El presente trabajo es producto del interés que hemos sentido por la justicia social, en un mundo en que las clases sociales se encuentran en  una lucha constante entre la burguesía y el proletariado, en  un sistema económico-social como es el capitalismo, por un mundo más justo y humano de aquellos miembros de la sociedad que, por su debilidad económica y cultural, no pueden tratar de igual a los miembros económicamente más poderosos.

La experiencia y el estar entre libros, nos han permitido un mejor conocimiento de las relaciones obrero-patronales.

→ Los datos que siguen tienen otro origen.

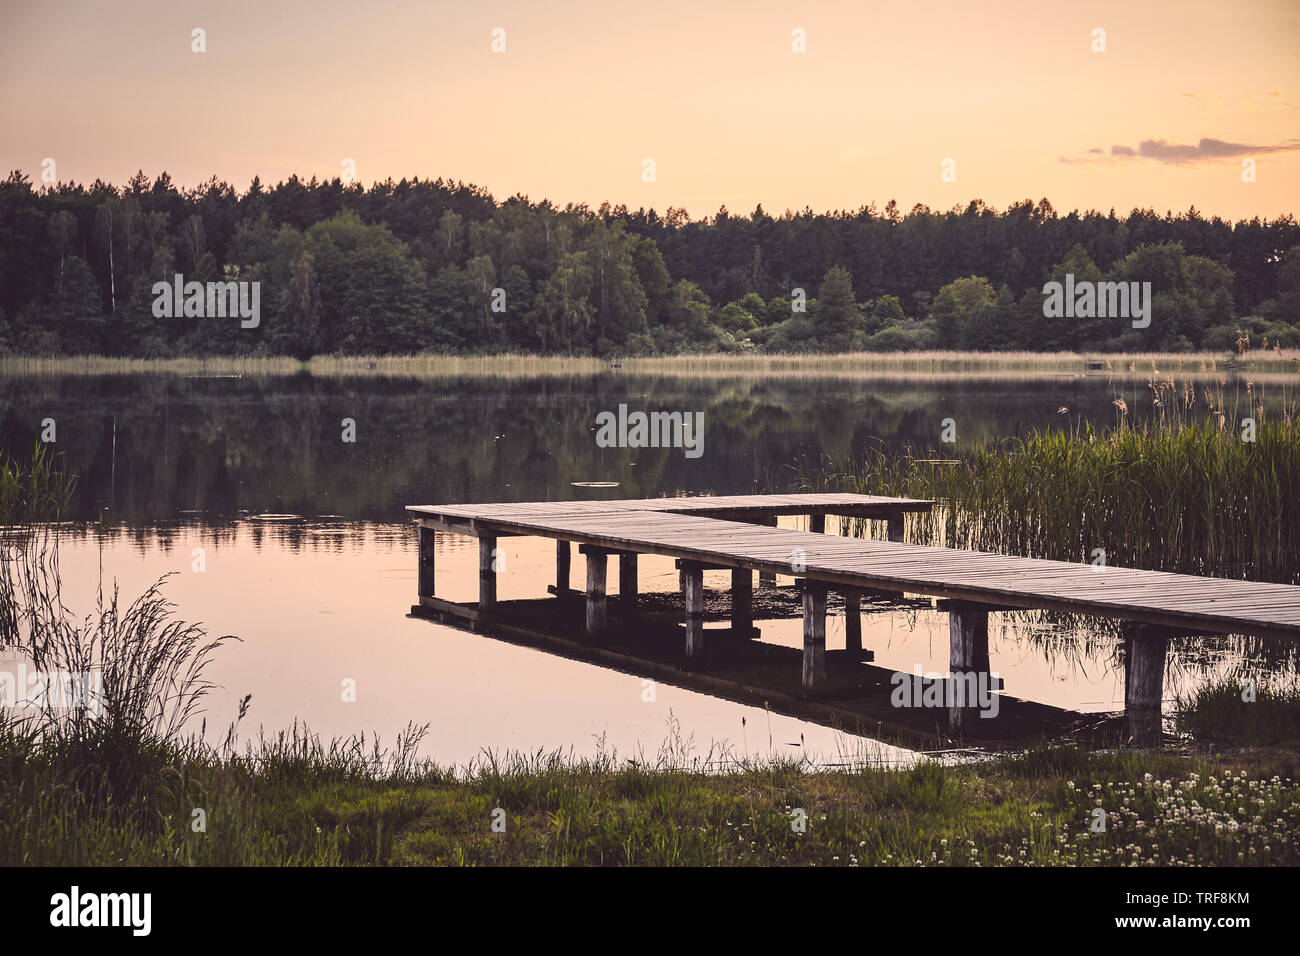 Il molo di legno in corrispondenza di un lago calmo al tramonto, tonificazione del colore applicato. Foto Stock

Por lo que en el presente trabajo se basa en aspectos teóricos-pragmáticos.

La Prueba Documental en Materia Laboral es el tema central de este trabajo, por lo que al abordar el tema, lo analizaremos y estudiaremos la información que contienen cada uno de los capítulos en sí mismos.

En el capítulo primero consideramos iniciar este trabajo, analizando el  concepto de prueba; así mismo tratando de determinar si ésta es averiguación, averiguamiento o verificación.

En el capítulo segundo nos referimos brevemente sobre el concepto de procedimiento probatorio y a los estadios procesales como el ofrecimiento, la objeción, la admisión y el desahogo de las pruebas.

En el capítulo tercero hablaremos de los antecedentes históricos del documento y de su gran importancia hasta nuestros días; por lo que entraremos en el análisis y estadio de la prueba documental como medio de prueba en materia laboral, desde el punto de vista teórico-práctico basándonos en la Ley Federal del Trabajo en vigor, resaltando la importancia de dicha prueba, que nos permita concluir afirmando que en materia laboral  es la reina de las pruebas.

 

CAPITULO   I

 

IDEAS FUNDAMENTALES SOBRE LA PRUEBA.

  

1.1               Concepto de Prueba.

La idea que se tiene sobre la prueba no es exclusiva del Derecho Procesal.  El investigador de cualquier  Área, Ciencia o Disciplina del conocimiento humano debe  probar sus afirmaciones,  por medio de la razón o medio con que se pretende mostrar la verdad o falsedad de una cosa, en caso de duda o confusión el investigador deberá demostrar sus proposiciones debiéndose  apoyar  en un procedimiento probatorio; sin embargo lo que interesa a nuestro estudio es la llamada Prueba Procesal.

Etimológicamente el término prueba proviene del latín probus, que significa bueno, recto, honesto; para otros juristas, la  mencionada voz se deriva de  probandum, que significa patentizar, experimentar, hacer fe  respecto de alguna cosa; pero como dice Sentís Melendo[1] la primera de las acepciones es la que admiten la mayoría de los tratadistas.

1.2               El Concepto de Prueba Procesal.

El concepto de Prueba Procesal tiene muchas diversas acepciones y de ahí precisamente la dificultad de formar un concepto; por lo que ha resultado para los estudiosos conceptuar la prueba; nos remitiremos a otras opciones al respecto:

Armando López y Porras[2] según su opinión la  prueba es la demostración legal de la verdad de los hechos controvertidos en el proceso.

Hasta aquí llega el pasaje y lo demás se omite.